Will the same be said of the Victorian regime? Will the role of psychiatry be reduced to a 'diagnosis-prescription' type business where the therapeutic role of the profession is ignored or, at least, only given lip service?

That was precisely what occurred during the time that euthanasia was legal in the Northern Territory in the mid-1990s. The Lancet report on the four deaths that occurred under the short-lived regime showed scant regard for the law and the role of the psychiatrist was seen as just another hoop to jump through or tick on a list of checkboxes.

The Victoria Branch of the Royal Australian and New Zealand College of Psychiatrists (RANZCP) noted similar concerns in their submission to the Victorian Ministerial Advisory Panel:

"The VIC Branch also notes that, due to the often rapidly changing manifestations of mental illness, proper assessments are best undertaken by clinicians with the benefit of extended interactions over a significant period of time with the individual in question.

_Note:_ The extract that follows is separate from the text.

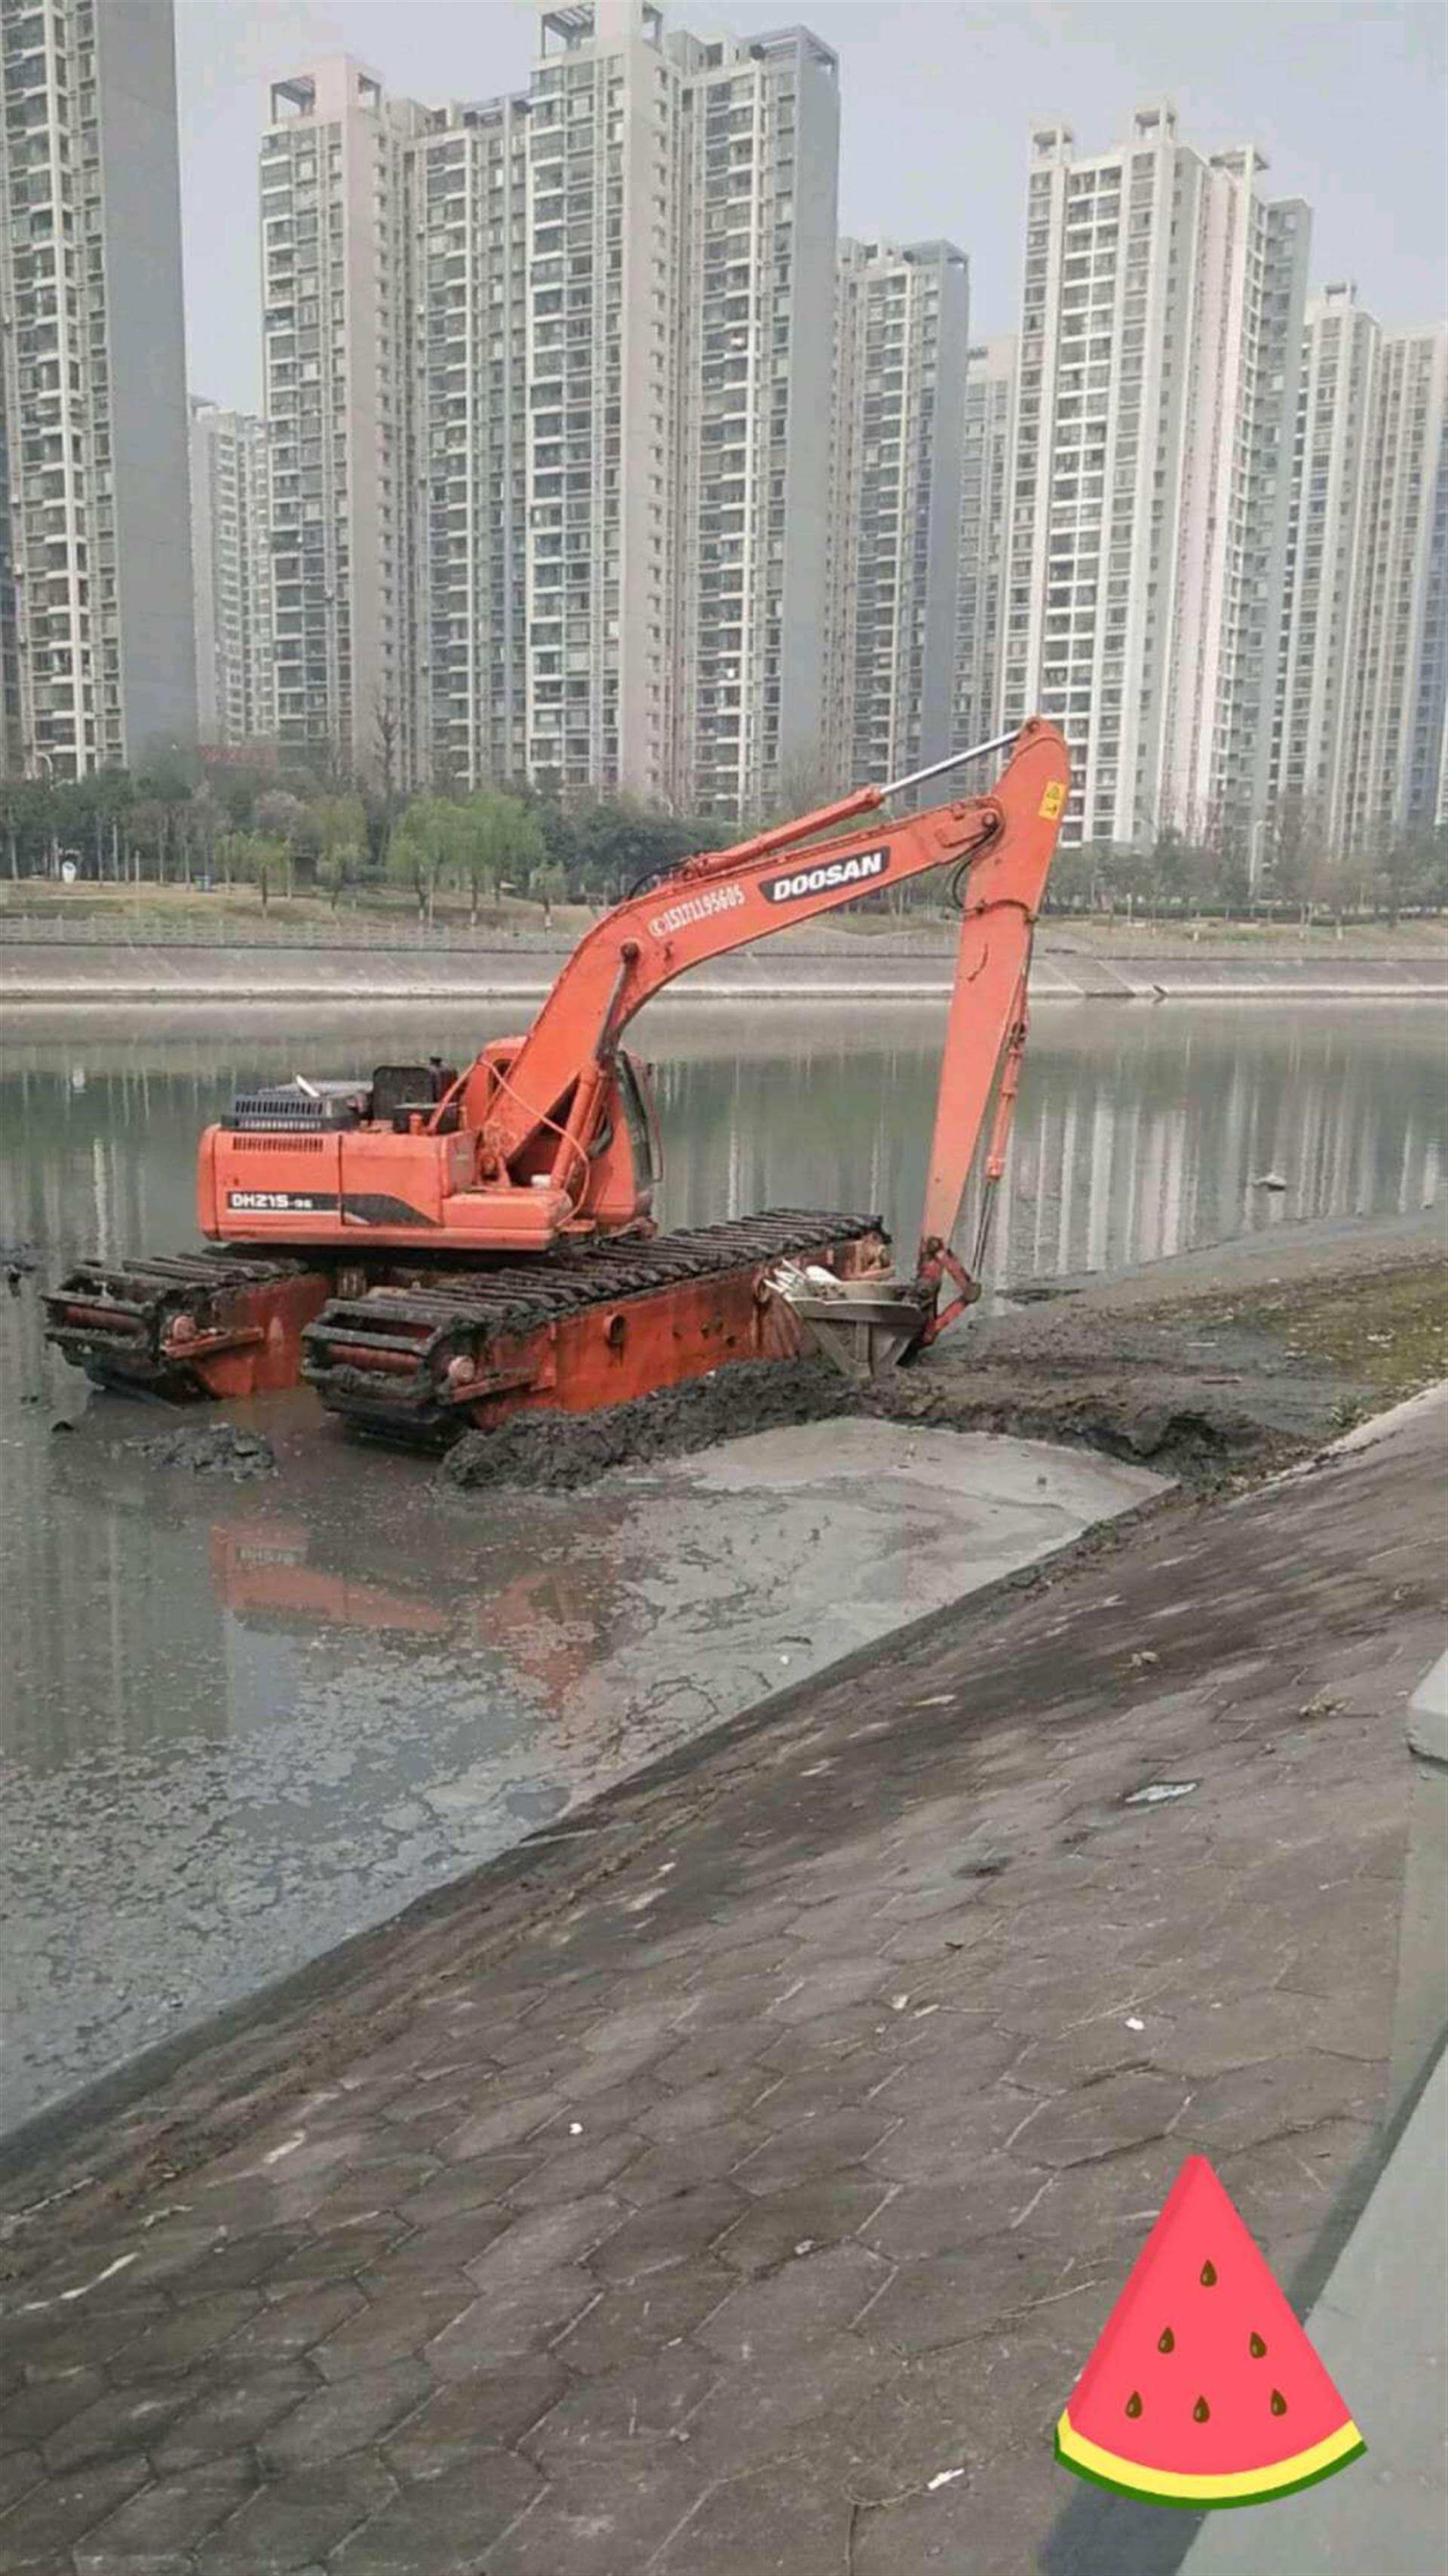 水陆挖掘机出租正规公司报价

As such, the views of psychiatrists and/or other mental health professionals with established therapeutic relationships with individuals seeking voluntary assisted dying (sic) should be sought wherever possible."
Yet the thrust in terms of the law proposed for Victoria seems likely to only require a psychiatric evaluation for the sake of concerns about capacity and not necessarily about suicidal ideation or the presence of psychiatric illness (though that may be implied). Moreover, as the RANZCP report also notes, there remains a significant risk that the treating doctor and the second confirming doctor may miss signs of psychiatric concern:
"In situations where a patient has a terminal condition causing enduring and unbearable suffering, there is a risk that symptoms of mental ill health may be mistaken by a doctor not trained in psychiatry for an 'understandable' reaction to their condition. Furthermore, traumatic brain injury, addiction issues, dementia and delirium may all confound assessments of capacity and non-psychiatrically trained doctors 'are not well placed to recognise the presence of these conditions in the medically ill population'."
This raises serious questions about the mechanism that supposedly 'protects' people who are vulnerable. If neither of the two assessing doctors suspect a psychiatric issue, nothing more is done.

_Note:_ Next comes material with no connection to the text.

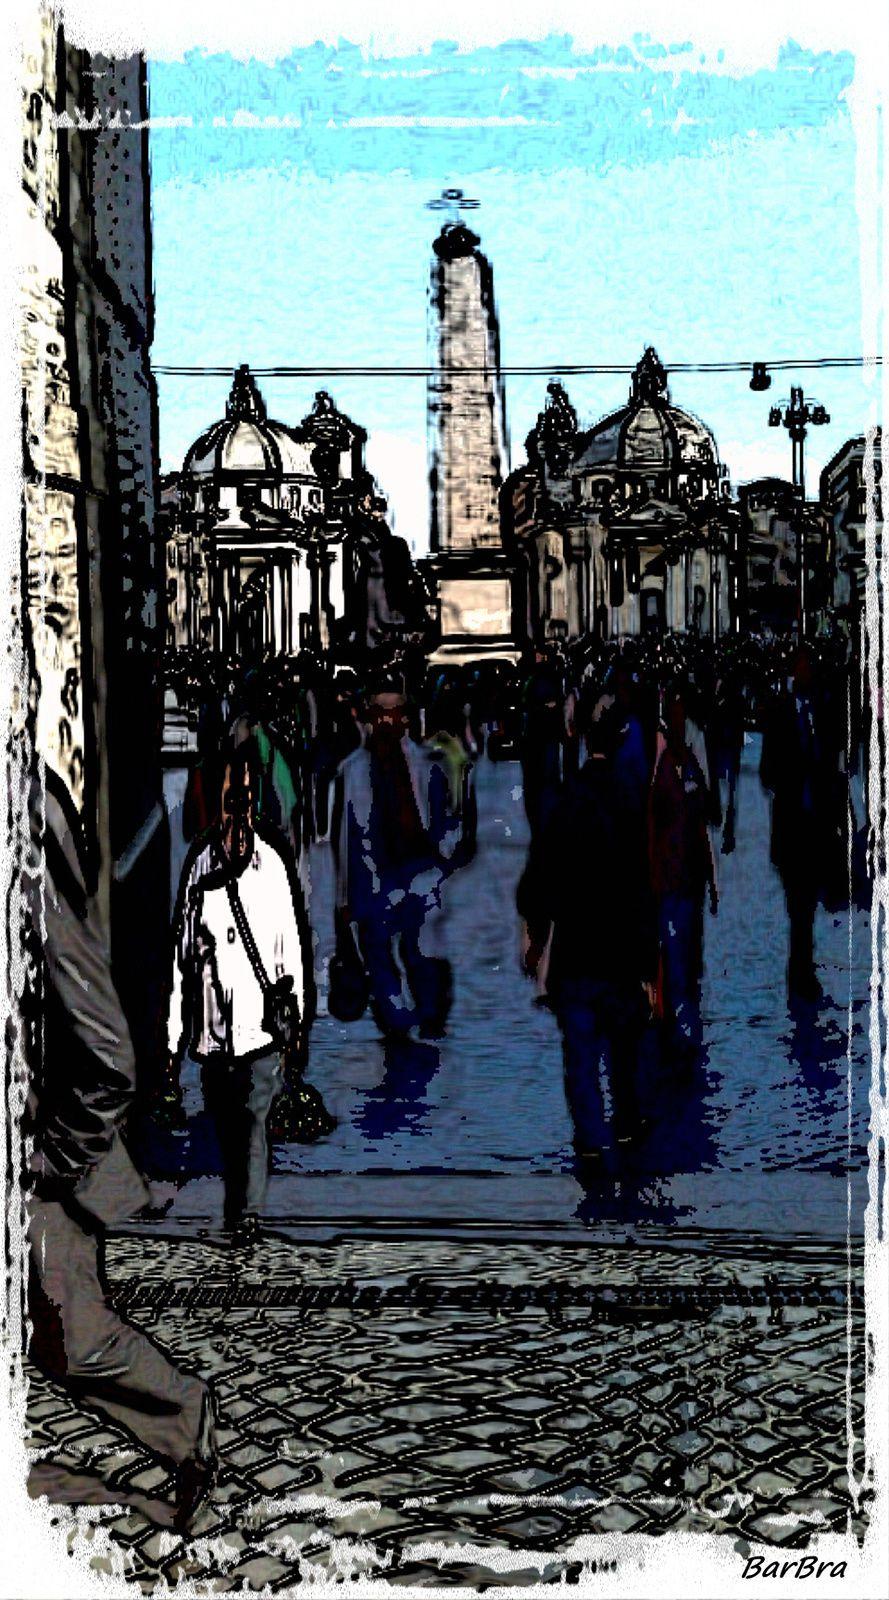 Piazzale Flaminio ... visione distorta

Will the final recommendation due to be made to Premier Daniel Andrews at the end of July include a requirement that a psychiatric evaluation takes place in a therapeutic context? This would imply a relationship over time that seeks a remedy to the presenting psychiatric issues. But time may well be short. Or will this all fall back on self-determination, as it did in the Chabot case, and an acceptance that, even though the patient may have therapeutic options available - both psychiatric and medical - that refusal of any or all treatment is a fast track to suicide?

"In psychiatry, an essential limitation disappeared when the existence of a treatment relationship was no longer required." Chabot.
The outcome is grave and irreversible. The Andrews government has been talking into an echo chamber, yet most Victorians will likely be unaware of the proposal and even less aware of how any proposed law might operate. The idea that assisted suicide and euthanasia are a 'last-resort-only' option; that people would need to at least try 'reasonable' options, has never really been the case yet is likely to be the general public view.

With thanks to Professor Trudo Lemmens for the English translation of the recent Chabot article.